Pemkot Palu Kembali Sosialisasikan Lomba Kawasan Adipura

banner 780x80

Palu,- Target besar pemerintahan Hadianto Rasyid guna mendorong kota Palu meraih adipura perlu mendapatkan apresiasi. Hari ini, Minggu (12/09/2021) meskipun hari libur, Wali kota Palu, H. Hadianto Rasyid turun bersama Tim Perempuan Adipura kota Palu kembali melakukan sosialisasi Lomba Kawasan Adipura yang dilaksanakan di dua titik, yakni kecamatan Palu Timur dan kecamatan Mantikulore.

Dalam arahannya, Wali kota Hadi yang didampingi Ketua Tim Perempuan Adipura Kota Palu Diah Puspita menyebut, bahwa tantangan membawa kota Palu menjadi kota Adipura sangat besar dan butuh support dari masyarakat, sehingga dengan adanya Perempuan Adipura diharapkan bisa bekerja sama.

“Berbicara Adipura bukan hanya berbicara persoalan sampah, namun juga keindahan, kerapian, maupun ketertiban. Dibutuhkan usaha yang besar,” ujarnya.

Menurutnya, kegiatan ini bukan hanya seremonial semata, tapi pihaknya ingin membuat kota Palu bersih, nyaman, tertib, bahkan meraih Adipura tahun 2023 mendatang. Olehnya dibutuhkan peran serta dari semua masyarakat.

Minimal, katanya dimulai dari lingkungan keluarga terlebih dahulu seperti membuang sampah pada tempatnya, membersihkan lingkungan rumah dan juga tindakan lainnya.

“Kalau kita tidak menumbuhkan kesadaran, jangan harap kita meraih Adipura,” tekannya.

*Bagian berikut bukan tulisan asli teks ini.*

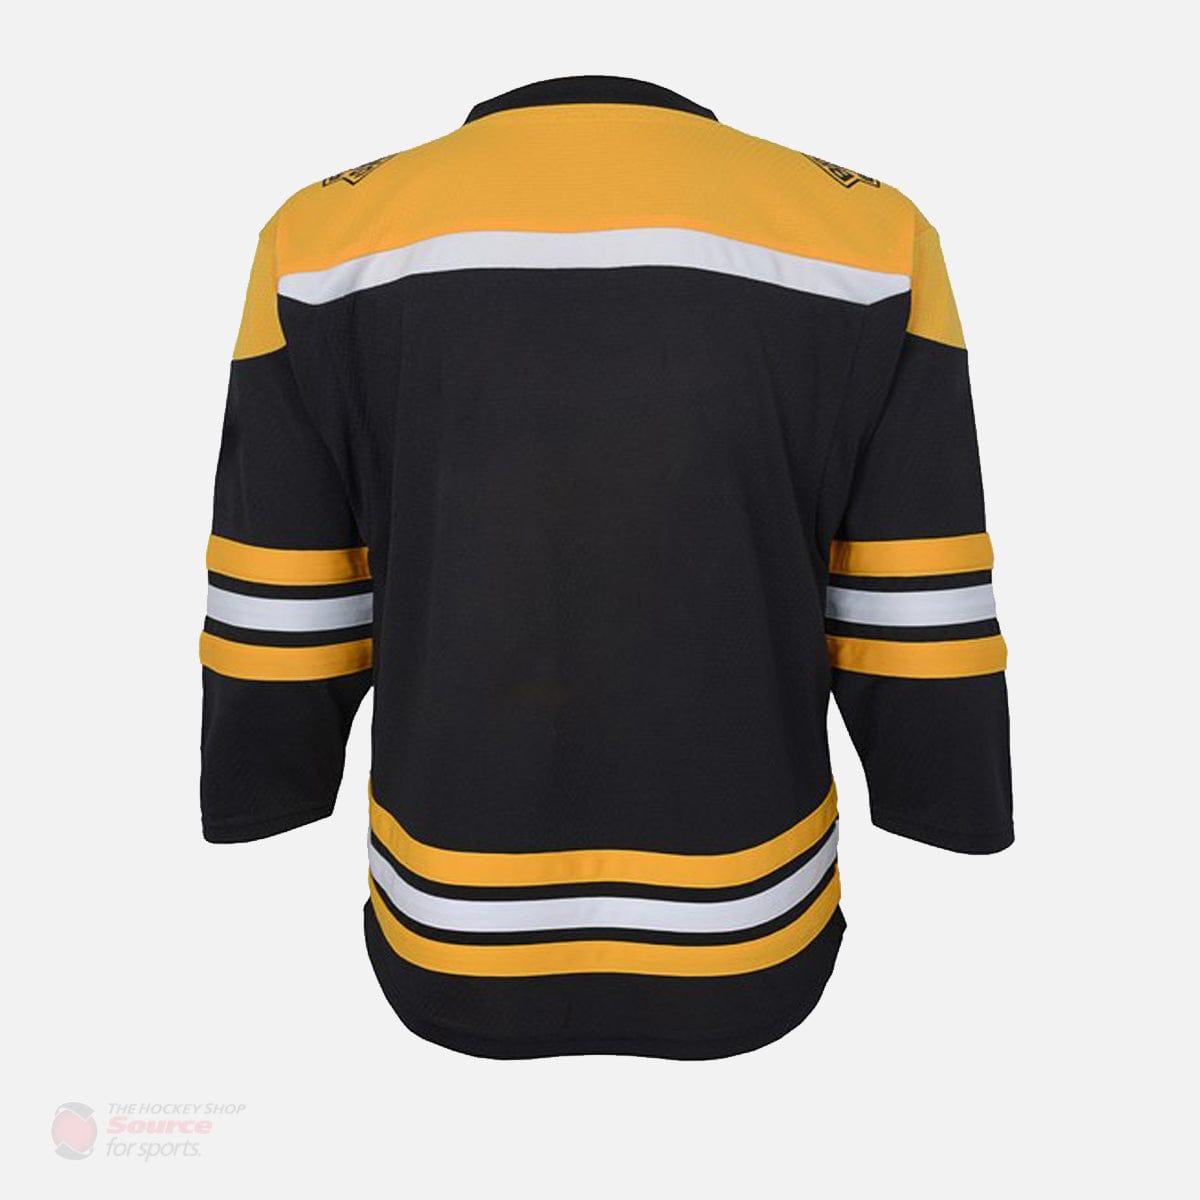 Boston Bruins Home Outer Stuff Replica Youth Jersey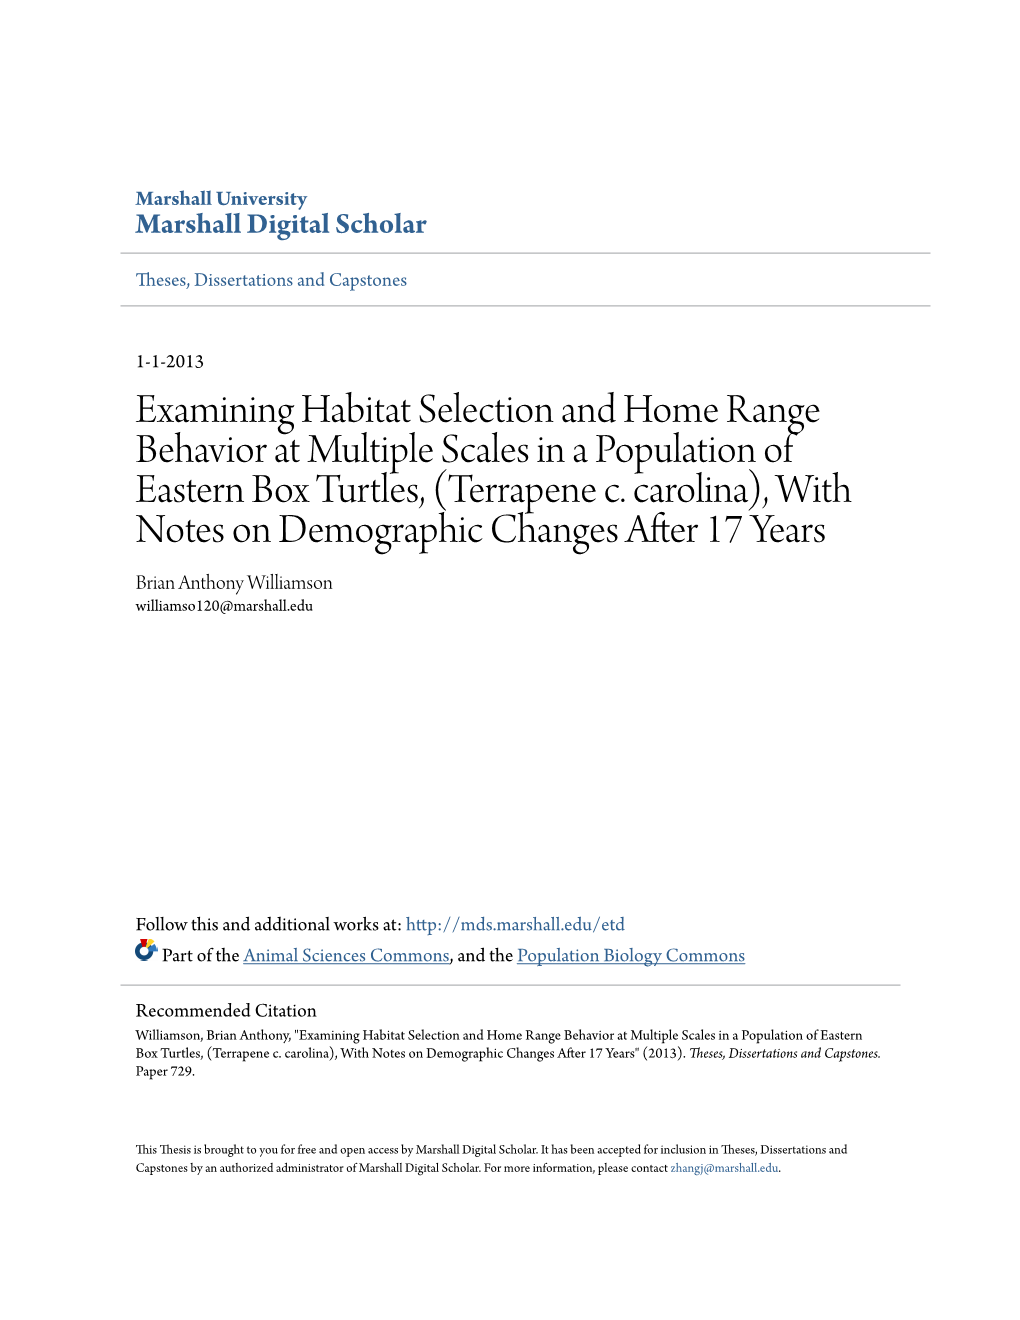 Examining Habitat Selection and Home Range Behavior at Multiple Scales in a Population of Eastern Box Turtles, (Terrapene C

Ia berkomitmen akan membuat standar penilaian dalam Lomba Kawasan Adipura ini sehingga total hadiah yang didapatkan untuk kelurahan yang terbaik, sebanding dengan hasil penilaiannya.

Pada tahun depan, Pemerintah kota Palu menyiapkan total hadiah sebesar Rp 2 miliar untuk tiga kelurahan terbaik dengan rincian terbaik I mendapat Rp 1 miliar, terbaik II mendapat Rp 600 juta, dan terbaik III mendapat Rp 400 juta.

“Tujuan kita bukan hanya Adipura dan lainnya, tapi bagaimana kita ingin mewujudkan kota kita bersih, nyaman, dan indah. Ini pekerjaan yang betul-betul serius,” imbuhnya.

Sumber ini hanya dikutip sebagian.